This is an archive of the discontinued LLVM Phabricator instance.

[mlir][Memref] Fold nvgpu.device_async_copy on on src memref- to dst memref-subviews
ClosedPublic

Authored by manishucsd on Apr 12 2023, 1:23 PM.

Details

Summary

This patch folds the nvgpu.device_async_copy on subviews into the original memref and eliminating memref.subviews

Diff Detail

Event Timeline

manishucsd created this revision.Apr 12 2023, 1:23 PM
manishucsd requested review of this revision.Apr 12 2023, 1:23 PM
ThomasRaoux added inline comments.Apr 12 2023, 3:06 PM
mlir/lib/Dialect/MemRef/Transforms/FoldMemRefAliasOps.cpp
13

nit: I would leave this empty line

mlir/test/Dialect/MemRef/fold-memref-alias-ops.mlir
556

would be good to test cases where the index is not 0

Applied comment.
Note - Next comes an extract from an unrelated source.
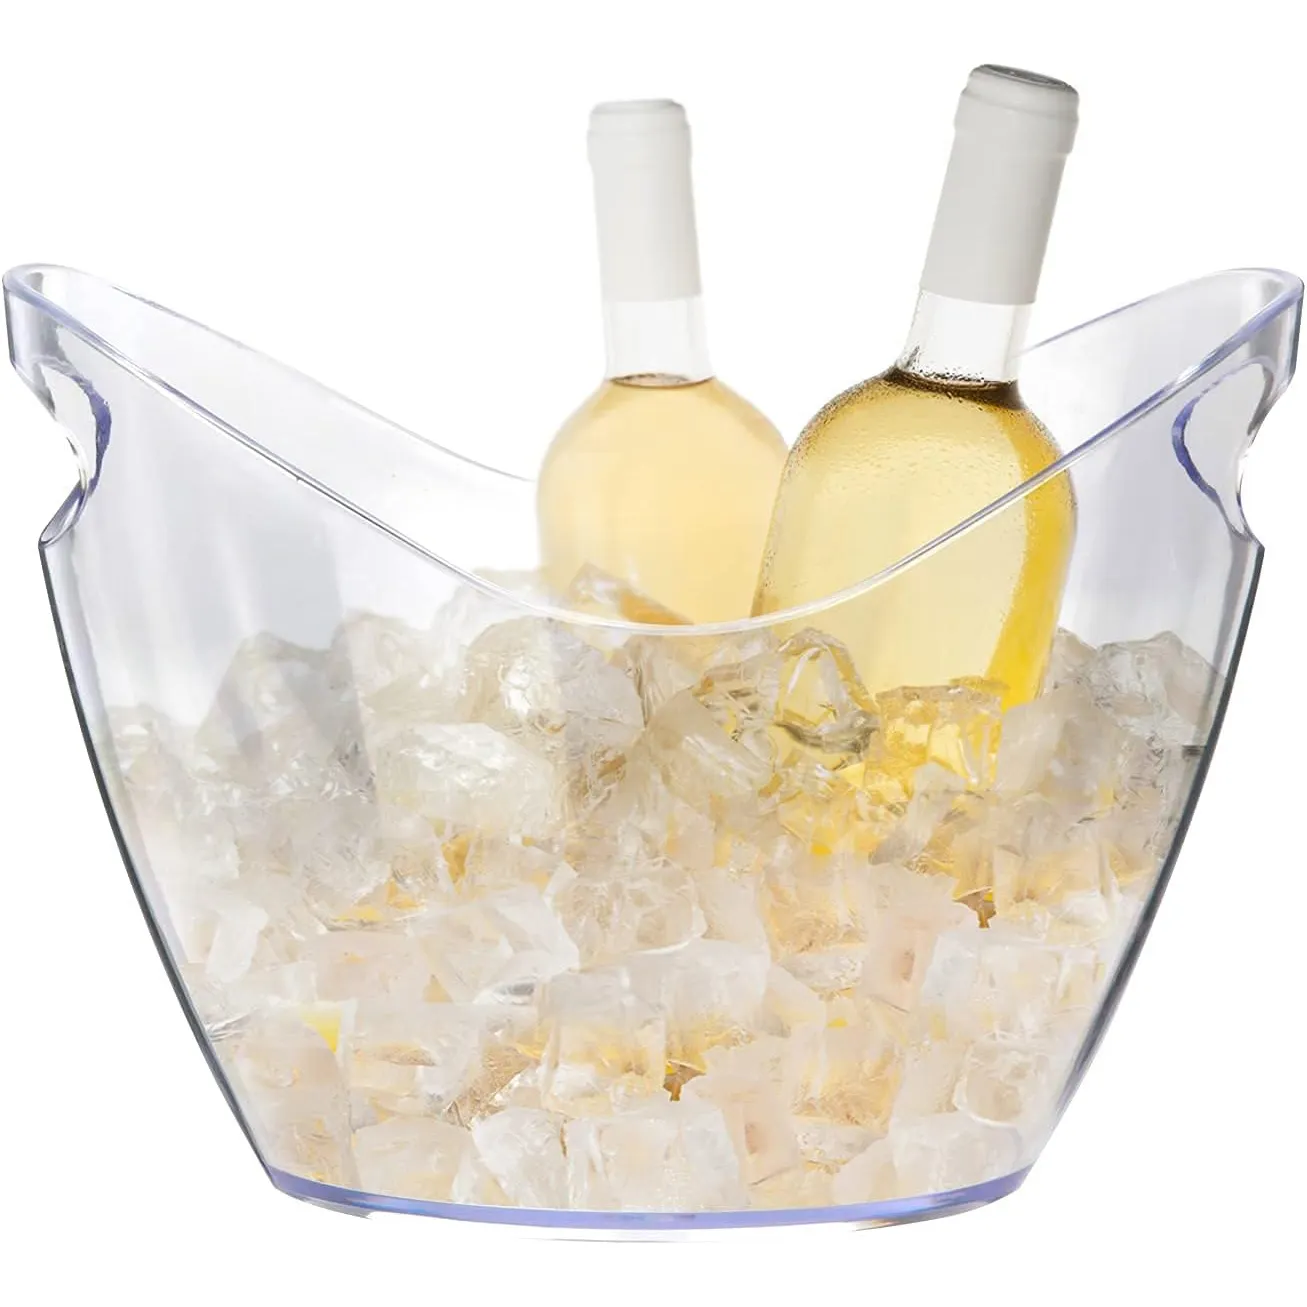 Lebensmittel qualität 4 Liter klarer Acryl-Eis kübel Wein kübel Kunststoff-Getränke wanne für Getränke Champagner-Bierflaschen-Kühler

Adding back an empty line after the includes.

mlir/test/Dialect/MemRef/fold-memref-alias-ops.mlir
556

The test itself is not anchored on c0. After the subview, the the read will be on %gmem_memref_subview_2d[%c0, %c0] for all the reads and %c0 is in the original IR is defined to use there. The check is that the subview indices are are used in the nvgpu.device_async_copy's after the folding %[[GMEM_MEMREF_3d]][%[[IDX_1]], %[[IDX_2]], %[[IDX_3]]], i.e., IDX_1, IDX_2, IDX_3. %smem_memref_4d is not folded so we can ignore that for now.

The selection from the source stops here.